# A few pics of some of my critters past and present



## Cameo (Feb 5, 2010)

I do wildlife rehab and have worked with exotic animals, so here's a few shots for your enjoyment 

OOOPS, hit the wrong button, lol


----------



## Cameo (Feb 5, 2010)

*forgot the pics*

sorry :rolffleyes:

wish I could find where all my other ones are, lol. I'll find them and post in another post


----------



## Cameo (Feb 5, 2010)

i found a few more, lol. Don't know where all the rest of them are :doh:


----------



## Cameo (Feb 5, 2010)

gosh, 43 people looked and no one commented? Don't you like my babies, lol


----------



## bigredpoodle (Sep 13, 2009)

Cameo said:


> gosh, 43 people looked and no one commented? Don't you like my babies, lol


 You are a woman after my own heart I love critters big and small ! Keep up the good work


----------



## Trillium (Sep 1, 2009)

Amazing pics. I'd love the chance to get so close to so many different critters.


----------



## Birdie (Jun 28, 2009)

Wow how incredible! I've always adored wildlife rehabilitation, I admire and envy you for taking part in it.  What beautiful babies you have!


----------



## FUZBUTZ (Aug 23, 2008)

Cameo, thanks for sharing your past and present babies with us. Bet you have a lot of fun working with them. They are all so cute.


----------



## flyingduster (Sep 6, 2009)

haha, I looked earlier but was busy and didn't really have time to reply; I often don't! But I always like to read posts and look at photos still, doesn't mean I don't love them!!!


----------



## Poodle Lover (Mar 24, 2008)

Great pictures! I absolutely love the one of the Serval. That's my dream cat, but since I know I could never own a wild animal, I will settle for a Savannah Cat (part Serval part domestic cat).


----------



## Fluffyspoos (Aug 11, 2009)

... Is that a lion?! (the cub)

And omg! You have a squirrel! n__n that's SO cute!


----------



## Cameo (Feb 5, 2010)

Thanks y'all 

I appreciate all the opportunities I've had working with the many different species I've been entrusted with. 

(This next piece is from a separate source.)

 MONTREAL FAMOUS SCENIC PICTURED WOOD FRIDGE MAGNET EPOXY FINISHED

The exotics, I worked with when I was a keeper at a sanctuary, where they had lions, tigers, wolves, leopards, serval, caracols, lynx, etc etc etc. I was blessed with two African lion cubs to foster and hand raise, until they were old enough to be placed in an enclosure with their "pride mates" I had them for 4 months and boy, it was time for their return, lol. Being stalked first thing in the am can be a PITA, literally!!!! I loved them tho. 
The serval, Lena, was the sweetest thing and loved her one on one time with her favorite keeper (me) who would bring her a tasty treat (pinkie rat). She would take it so easily out of my hand and then run off and jump on her high perch (10' up in the air) to eat it, then jump down and repeat, lol. So much effort for such a small treat, but that was the "wild" in her. 

I don't agree with owning any wild animals, as i've seen first hand the VICTIM'S of such ownerships. Dozen's of animals, caged, majestic, graceful and wild, wasting away in "ownership" While I've admired and appreciated the experience, it was so sad and I got burned out emotionally! It was hard work physically, but more so, mentally. 

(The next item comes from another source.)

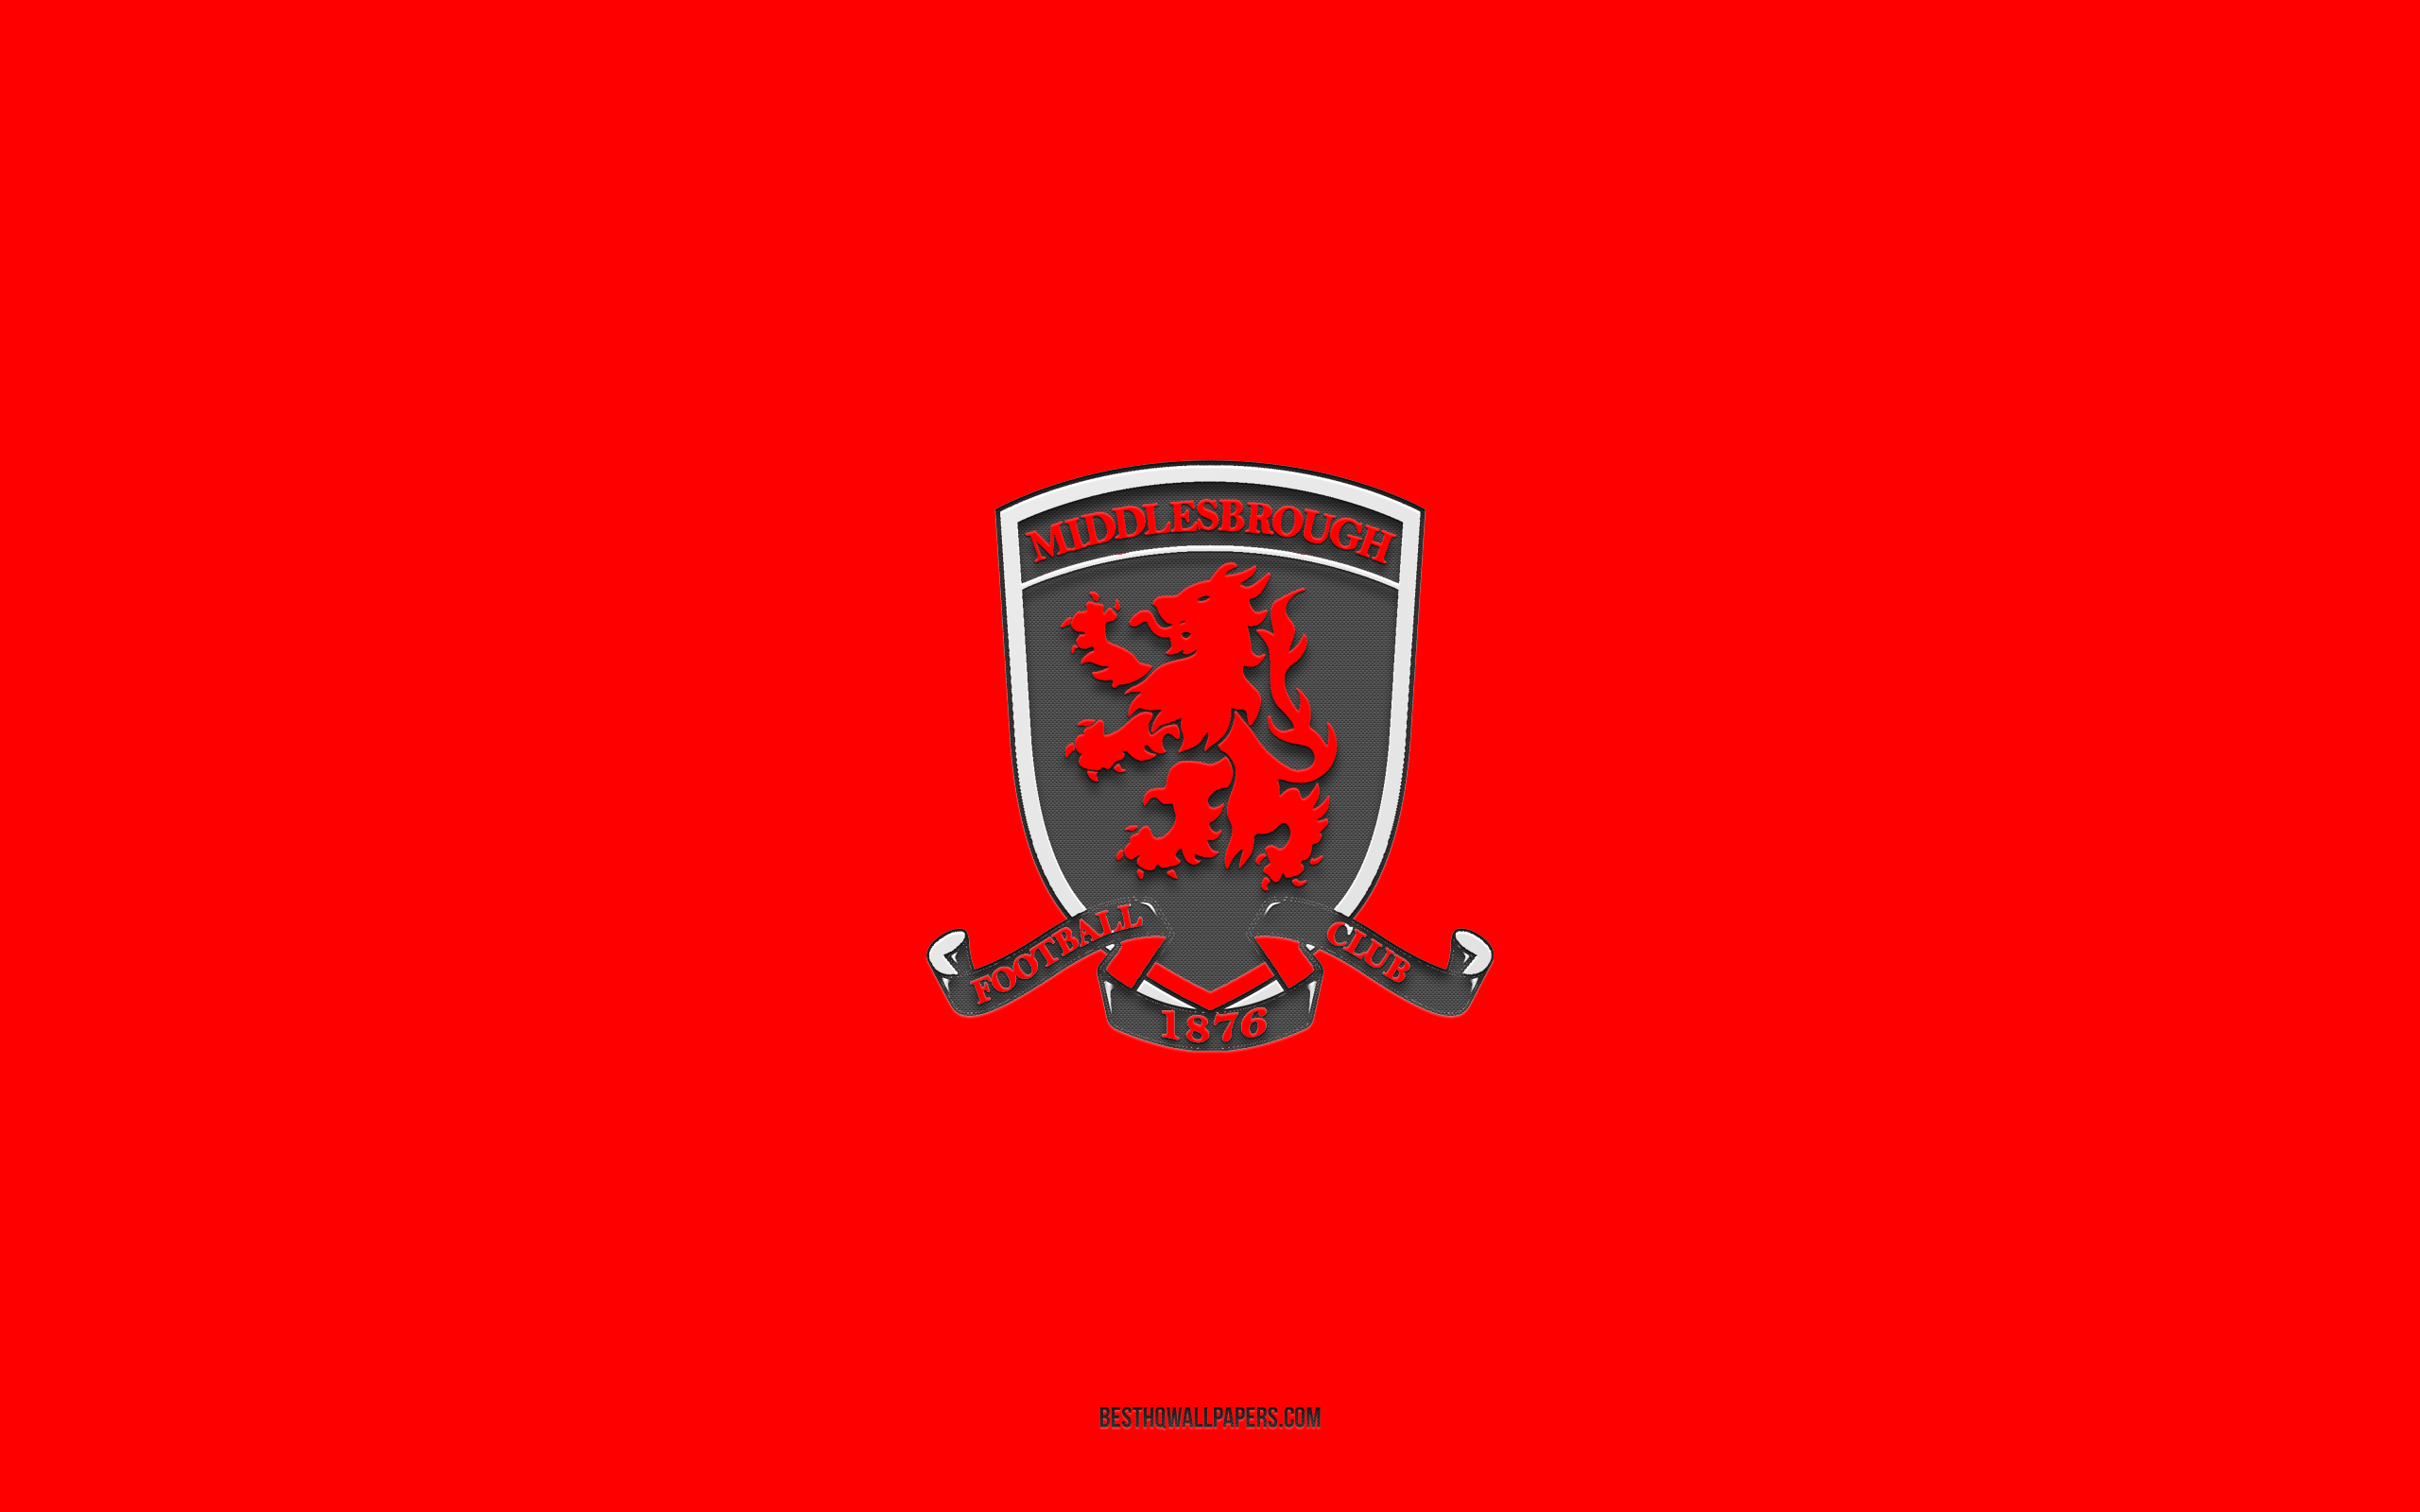 Download wallpaper Middlesbrough FC, red background, English football team, Middlesbrough FC emblem, EFL Championship, Middlesbrough, England, football, Middlesbrough FC logo for desktop with resolution 2560x1600. High Quality HD picture wallpaper

As a rehabber, all the deer fawns, squirrel's, bunnies, opossum's, etc are released when they are able to fend for themselves or well enough to go back. The outdoor pics of the squirrel were taken at it's release and the first feel of a tree on it's feet  what a great feeling it is seeing an animal doing what it was meant to do and knowing that if it had not been for me, that lil baby squirrel would have never lived long enough to do it. I'm not bragging, please don't think that, but I believe in stewardship and feel we all should do our part in protecting the creatures that call our earth home. If it weren't for all of them, great and small, we would not exist to enjoy our lives as we know them. 

The goat is my fat pygmy goat who loves to hate my husband and see's it necessary to butt him every chance she gets. She also taught the lion cubs how to be lions! lol, They would stalk her from the tall grasses and then run and jump at her. Needless to say, she taught them a few hard lessons, lol. 

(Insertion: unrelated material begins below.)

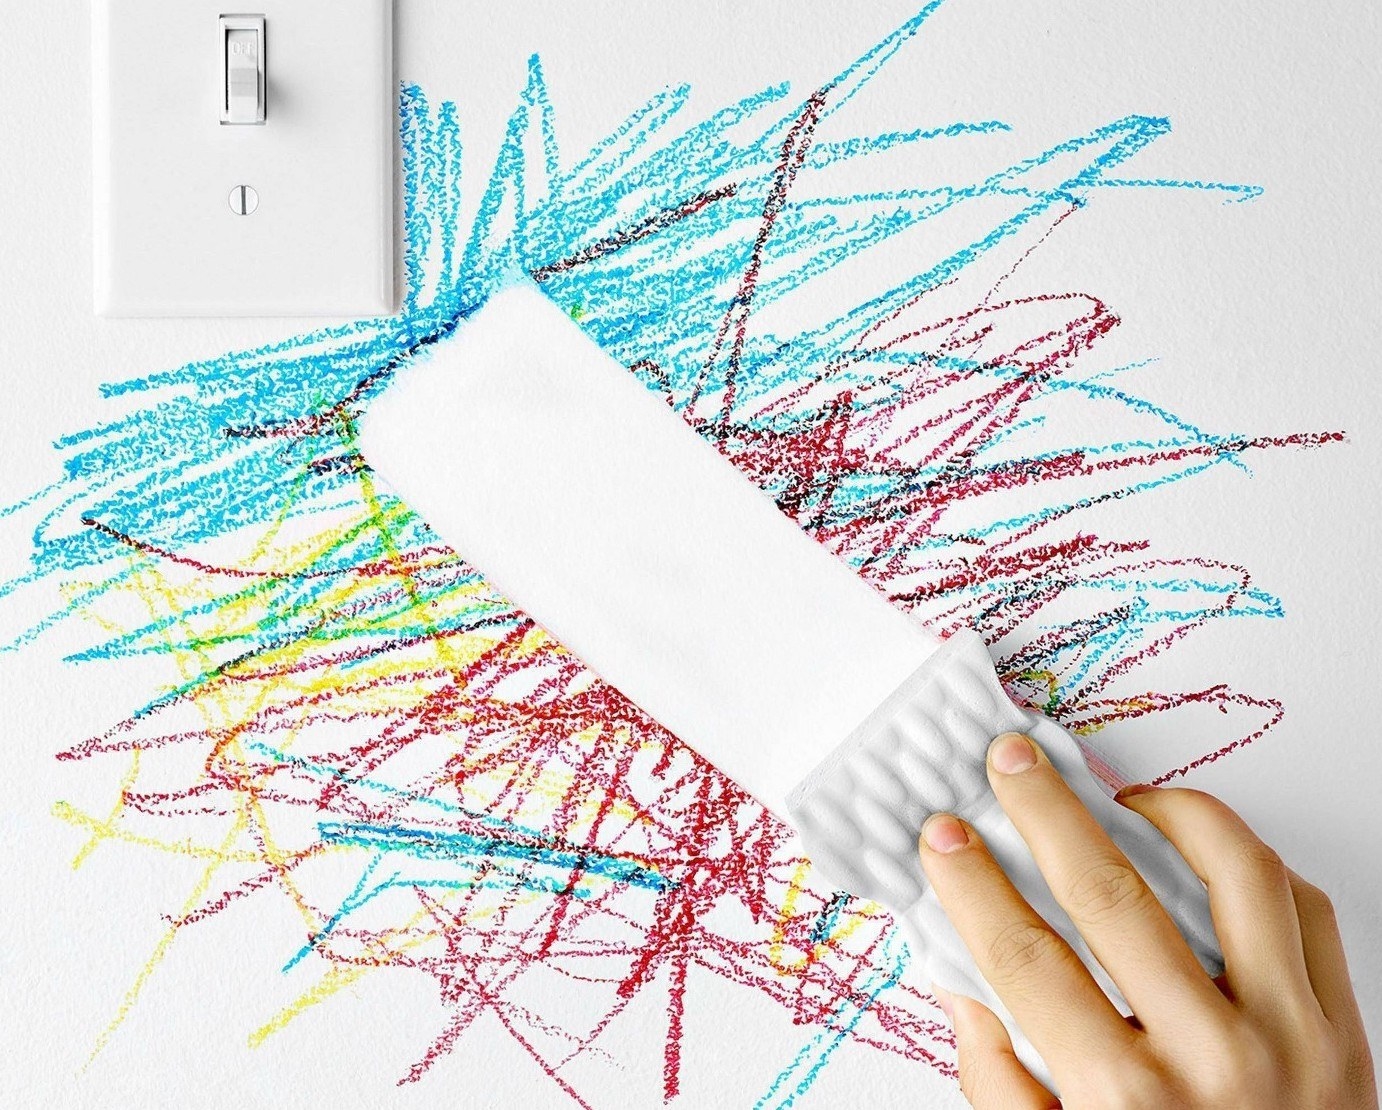 A person uses a magic eraser to remove crayon from the wall

The little black Chi is my Milo, a rescue that I took in 5 years ago, with his "sister" Happygirl. They were to be PTS due to a marriage split up and they were perfectly healthy, but the people didn't want to separate them and no one wanted him. Of course, I took them and could never bring myself to place them. Failed fosters, you gotta love um 

The beagle, Hambone, was one of my performance/field trial dogs I breed/trialed/showed several years ago. He was going to his new home, that day, to be a stud dog. 

Thanks for giving me a chance to share some of what I do and for the nice comments. If you ever have a chance to volunteer your time to help, you'll be blessed many times over


----------



## Buck (Oct 22, 2009)

Oh my, you have had a variety of animals. You truly have a love for all animals! 
Where are you from in NC? I live in New Bern, NC


----------



## Spoofer (Sep 12, 2009)

You have been truly blessed to have been able to share in the lives of so many beautiful animals... and they have been so fortunate to have you, too! I really admire what you've done


----------



## frostfirestandards (Jun 18, 2009)

my science teacher had a liscense to rehab wildlife, she specialized in raptors, but got a few squirrel litters each year. She would let me help bottle feed them- they are cute and all, but they stink. 

we had a few field trips to release the rehabbed birds, that was always the best part, when they would look back like they were saying "Thanks!" and then fly off, all healthy and free again. 

I am thinking about getting certified to rehab, but id probally only do small mammals, Im not a huge fan of birds, except the big ones, but I dont have room for big birds. I just have to find a class again before it starts.


----------